First-born infants and infants conceived by ART experienced a timelier vaccination both at the first vaccine doses and for vaccine doses foreseen in later ages. These findings are probably related to the fact that—in both cases—there may be increased attention from parents with regards to all the aspects related to the health of their child, including vaccinations. On the other hand, multiple birth infants showed a higher risk of delayed vaccination, irrespective of their gestational age, and this may be explained by the higher organizational difficulties in attending vaccination appointments experienced by parents of multiple birth infants.
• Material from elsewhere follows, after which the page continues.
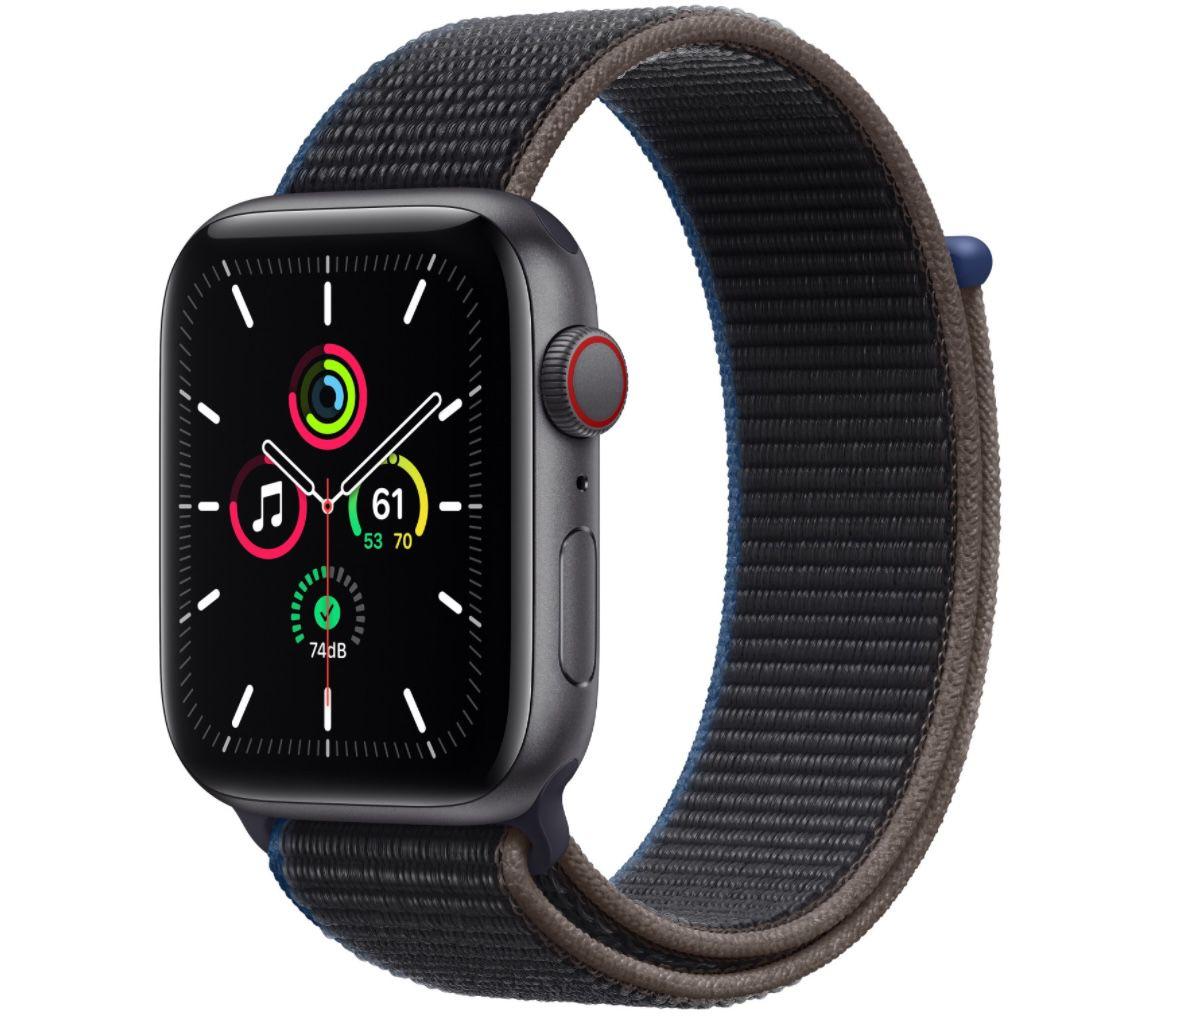 Apple Watch SE LTE in Space Grau mit 44mm inkl. Sport Loop für 309,64€ (statt 365€)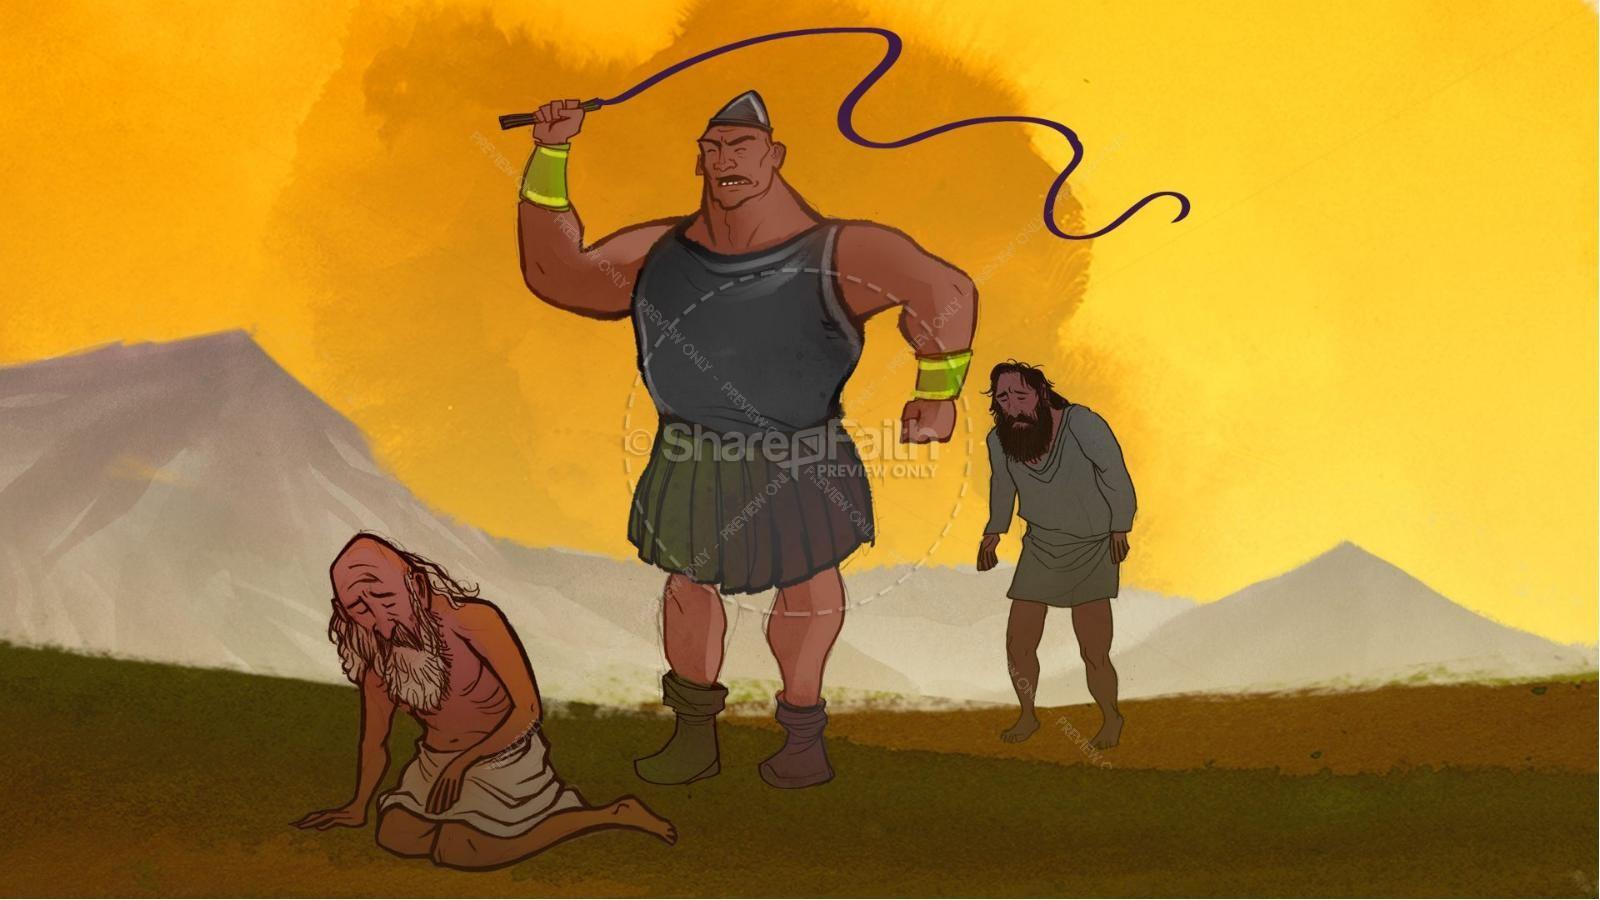 Samson and Delilah Kids Bible Stories | slide 2

Maternal sociodemographic variables examined in our study did not show a clear influence on the timeliness of vaccination. While maternal age and employment status were not associated with the timeliness of immunization, maternal education level and nationality were associated with the timeliness of immunization for vaccines doses to be administered in later ages. In particular, a higher education level and a foreign nationality were associated with a timelier vaccination. As for the maternal education level, a higher level of vaccine literacy and better opportunities for obtaining information probably explain the finding. As for the role of nationality, it is possible to speculate that foreigners may tend to rely more on official information provided by the primary care and preventive care services, while Italians may tend to have multiple sources of information, ultimately resulting in increased risk of exposure to misinformation about vaccine safety and benefits, especially for vaccines that are more strongly linked to false claims such as the MMR vaccine [32].
The present study has several strengths. In addition to being carried out on a very large cohort of infants, the study involved an area-based, full birth cohort, thus providing an accurate picture of the timeliness of vaccination in the Tuscany region, Italy and minimizing potential selection bias. The selection of a full birth cohort has also allowed natural comparison groups—i.e., FTI and infants who were not born SGA—to evaluate the vaccination timeliness in preterm and SGA infants not only in absolute terms but also in relative terms. Furthermore, the study is based on data registered in the birth and vaccination regional registries; these data are directly and punctually collected by obstetrics, nurses, and doctors who provided birth care (within 10 days after birth) or administered the vaccines, respectively. These data collection procedures minimize the risk of misclassifications and recall bias. Lastly, this is one of the first studies that evaluated vaccination timeliness in SGA and non-SGA infants.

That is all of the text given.